Since $\rho$ is irreducible, the first term on the right is equal to 1 and all the other terms are at least 0. So

\left\langle\operatorname{Ind}_{H}^{G}\rho,\operatorname{Ind}_{H}^{G}\rho% \right\rangle_{G}\geq 1

with equality if and only if $\operatorname{Hom}_{H_{g}}(\rho,{}^{g}\rho)=0$ for all $g\in S\setminus H$ . The result follows. ∎

Corollary 3.22.

If $H\lhd G$ and $\rho$ is an irreducible representation of $H$ , then

\operatorname{Ind}_{H}^{G}\rho

is irreducible if and only if $\rho\not\cong{}^{g}\rho$ for all $g$ in a set of coset representatives of $H$ in $G$ with $g\not\in H$ .

Proof.

If $H$ is normal, then double cosets, left cosets, and right cosets are all the same. For $g\in G$ , ${}^{g}\rho$ is another irreducible representation of $H$ so

\operatorname{Hom}_{H}(\rho,{}^{g}\rho)\neq 0

if and only if $\rho\not\cong{}^{g}\rho$ . ∎

3.5.4 Mackey examples

Example 3.23.

Let $G=D_{n}\supset H=C_{n}$ . Let $\chi:C_{n}\to\mathbb{C}^{\times}$ with $\chi(r)=\omega$ . The previous corollary shows that

\operatorname{Ind}_{H}^{G}\chi

is reducible if and only if $\chi\cong{}^{s}\chi$ . But

{}^{s}\chi(r)=\chi(s^{-1}rs)=\chi(r^{-1})=\omega^{-1}.
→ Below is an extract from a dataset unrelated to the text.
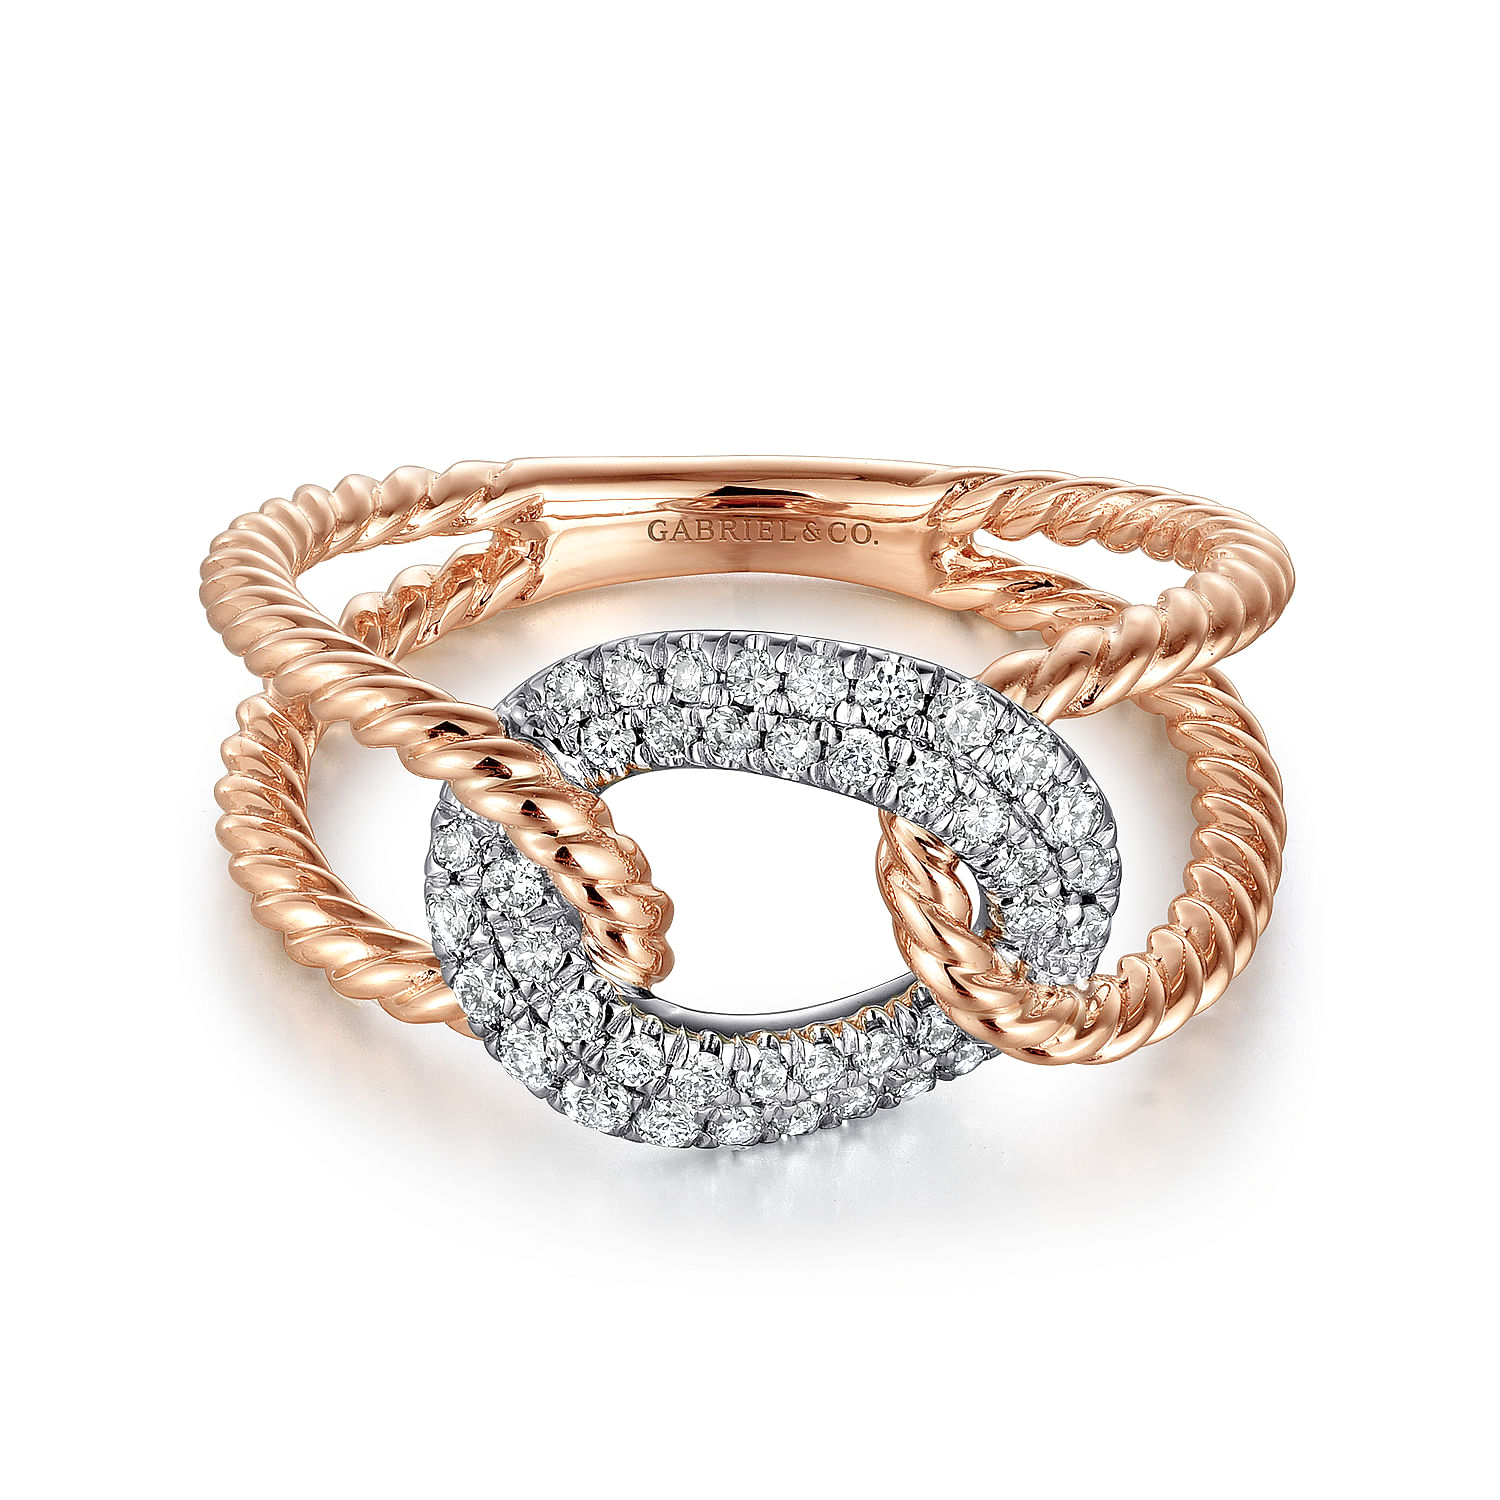 14K White and Rose Gold Twisted Rope Link Ring with Diamond Pavé Station
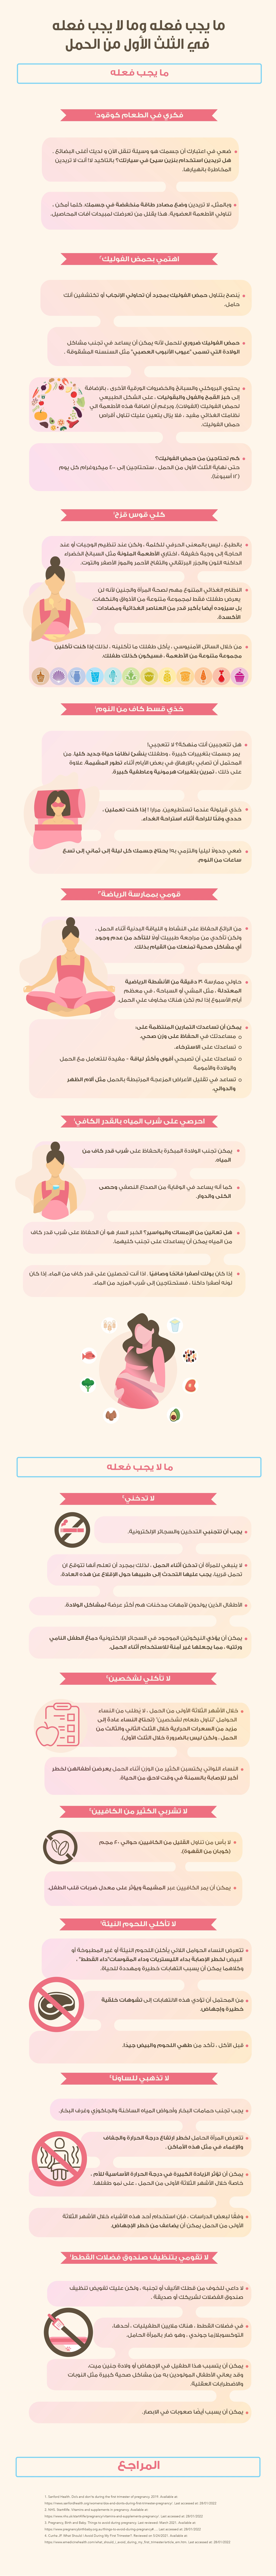 First trimester infographic

So $\operatorname{Ind}_{H}^{G}\chi$ is irreducible if and only if $\omega\neq\omega^{-1}$ (which we already knew).

Example 3.24.

Let $\rho$ be an irreducible representation of $S_{n-1}\subset S_{n}$ with character $\chi$ . Then $\{e,s\}$ is a set of double coset representatives for $S_{n-1}$ in $S_{n}$ , where $s=(n-1\,n)$ . We have

{}^{s}S_{n-1}\cap S_{n-1}=S_{n-2}

of elements fixing $n-1$ and $n$ .

Moreover, ${}^{s}\chi\cong\chi$ (because elements of $S_{n-2}$ are conjugate in $S_{n-2}$ if and only if they are conjugate in $S_{n-1}$ , so they have the same character!) and so we see

	$\displaystyle\left\langle\operatorname{Ind}_{S_{n-1}}^{S_{n}}\chi,% \operatorname{Ind}_{S_{n-1}}^{S_{n}}\chi\right\rangle$	$\displaystyle=\left\langle\chi,\chi\right\rangle_{S_{n-1}}+\left\langle\chi,% \chi\right\rangle_{S_{n-2}}$
		$\displaystyle=1+\left\langle\chi,\chi\right\rangle_{S_{n-2}}.$

For example, if $\chi$ is the degree 2 irreducible character of $S_{4}$ , then $\chi|_{S_{3}}$ is still irreducible so the right hand side of this formula gives two. And indeed,

\operatorname{Ind}_{S_{4}}^{S_{5}}\chi=\psi+\psi\epsilon

where $\psi$ is one of the irreducible five-dimensional representations of $S_{5}$ .

3.5.5 Index two

Let $G$ be a group and let $H$ be a subgroup of index two (necessarily normal). Let $s\in G$ with $s\not\in H$ . Let $\epsilon:G\to\mathbb{C}^{\times}$ be the unique (order two) character with kernel $H$ .

Of course, we have in mind the example $H=A_{n}$ , $G=S_{n}$ .

Theorem 3.25.

Suppose that $\rho$ is an irreducible representation of $H$ . Then

1.

if $\rho\cong{}^{s}\rho$ , then

$\operatorname{Ind}^{G}_{H}\rho\cong\sigma\oplus\epsilon\sigma$

for some irreducible representation $\sigma$ of $G$ with $\operatorname{Res}^{G}_{H}\sigma\cong\rho$ .
2.

if $\rho\not\cong{}^{s}\rho$ , then

$\sigma=\operatorname{Ind}_{H}^{G}\rho$

is irreducible, with $\sigma\cong\epsilon\sigma$ .

Proof.

Let $\rho$ have character $\chi$ . By the normal subgroup case of Mackey’s theorem,

\left\langle\operatorname{Ind}_{H}^{G}\chi,\operatorname{Ind}_{H}^{G}\chi% \right\rangle_{G}=1+\left\langle\chi,{}^{s}\chi\right\rangle_{H}.

It follows that the induction $\operatorname{Ind}_{H}^{G}\chi$ is irreducible if and only if $\chi\neq{}^{s}\chi$ . This gives the second statement, and most of the first (we leave the proof that, in all cases, $\operatorname{Ind}_{H}^{G}\chi\cong\epsilon\operatorname{Ind}_{H}^{G}\chi$ as an exercise.)

If $\chi={}^{s}\chi$ , then we have $\operatorname{Ind}_{H}^{G}\chi=\psi+\psi^{\prime}$ for some irreducible characters $\psi$ and $\psi^{\prime}$ of $G$ . Restricting to $H$ , we have $\psi|_{H}+\psi^{\prime}|_{H}=2\chi$ so that $\psi$ extends $\chi$ . But then we have

\operatorname{Ind}_{H}^{G}\chi=\operatorname{Ind}_{H}^{G}\operatorname{Res}^{G% }_{H}\psi=\psi(\operatorname{Ind}_{H}^{G}\mathbbm{1})=\psi(\mathbbm{1}+% \epsilon)=\psi+\epsilon\psi

so that $\operatorname{Ind}_{H}^{G}\chi=\psi+\epsilon\psi$ as required. ∎